The week was full of discussions regarding ideas, concepts and implementations Some ideas were on paper, some floated around the office in collaborative discussion, and others got ‘visual’ on the office whiteboards! Fortunately we had several of the latter spread across the office to brainstorm shippable projects.

In the evenings we arranged to have some food together – mostly ordered in and devoured at the office. Drinks followed afterwards – we keep our fridge filled, with a great mix of alcoholic and non-alcoholic beverages!

Since we have staff spread throughout the globe, we connected everyone via Google Hangouts in the evening for presentations. Sometimes we even eat together over the internet!

Shippable Projects

We used Trello to collect our ideas; later on we added more lanes to move our projects to the ‘Shipped’ status. By Friday, some projects were already shipped! One project improved some of our internal infrastructure to provide a better Customer Success experience and another focused on freshening up the color scheme and updating objective icons and message badges within Small Improvements. You can read more about these changes in our recent feature release blog post. Two other projects improved objective cloning and introduced guidance in Small Improvements.

Screen Shot 2016-08-12 at 15.16.48

Watch our little interview of Lucas, one of our UI/UX designer, and his project:

[vimeo 180569819 w=640 h=360]

Challenges

The team spirit at Small Improvements is always great. Everyone helps out and even though there was lots to organize for the Ship It Week, you’re never on your own.

From a product perspective, our first Ship It Week helped us a lot to realize some smaller projects that had been on our plates for a long time. The feature roadmap at Small Improvements is always filled and a Hackathon always gives some time to work on something different.

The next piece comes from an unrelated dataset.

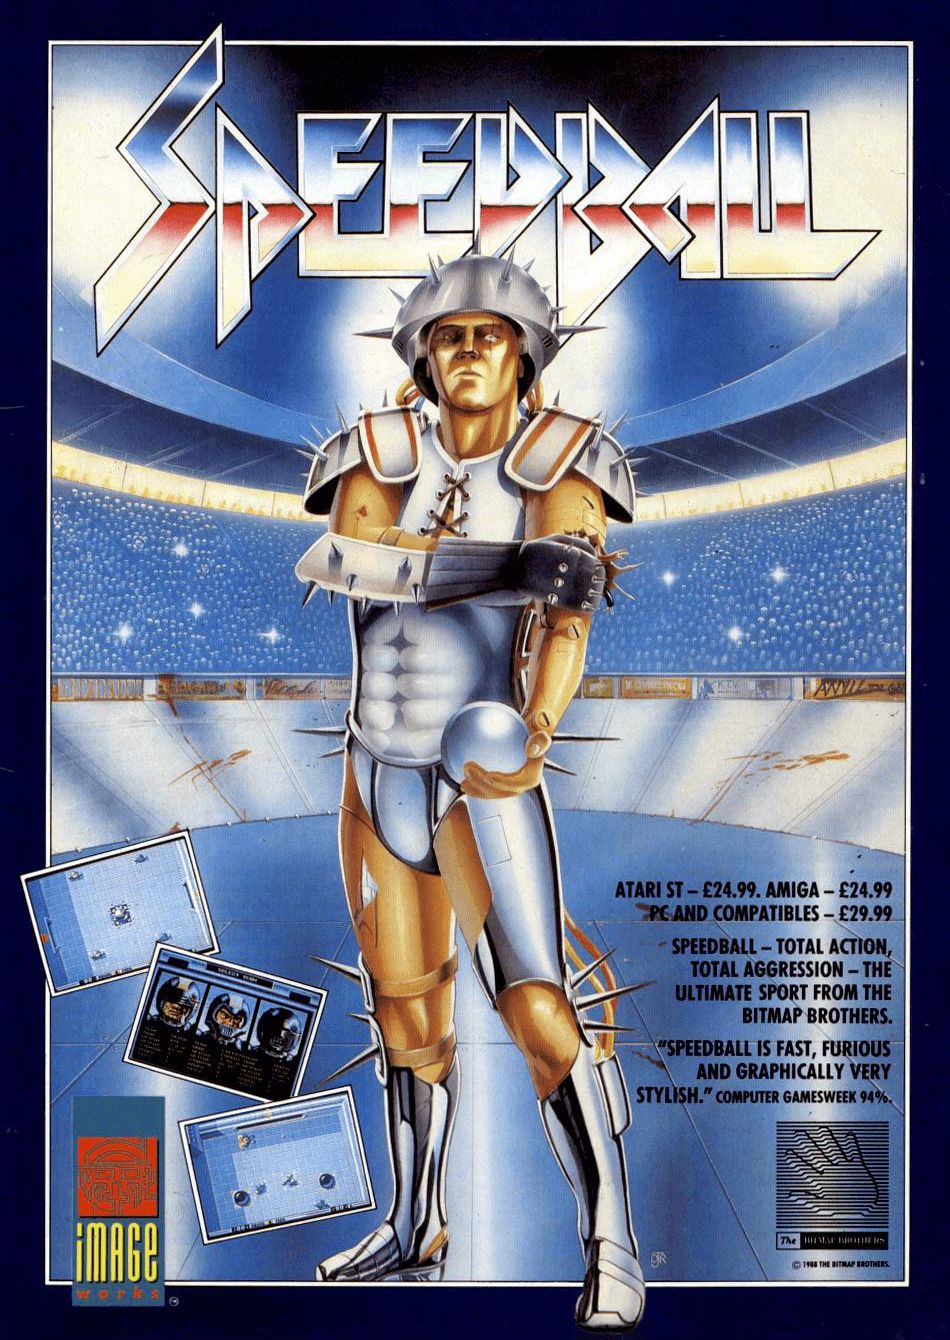 Speedball (1988) © The Bitmap Brothers

Since we already had Hackathons at Small Improvements, we were used to only tackling single projects over a couple of days, but for the Ship It Week we experienced something different: 5 days was enough time to slot in several mini projects as a team.

Taking Ownership

Personally the Ship It Week was a new challenge and opportunity for me to grow not only in my profession as an engineer, but also to grow in my soft skills by organizing an eventful week. Last but not least it wasn’t me alone. It wouldn’t happen without such great people around one to contribute to a great Startup culture!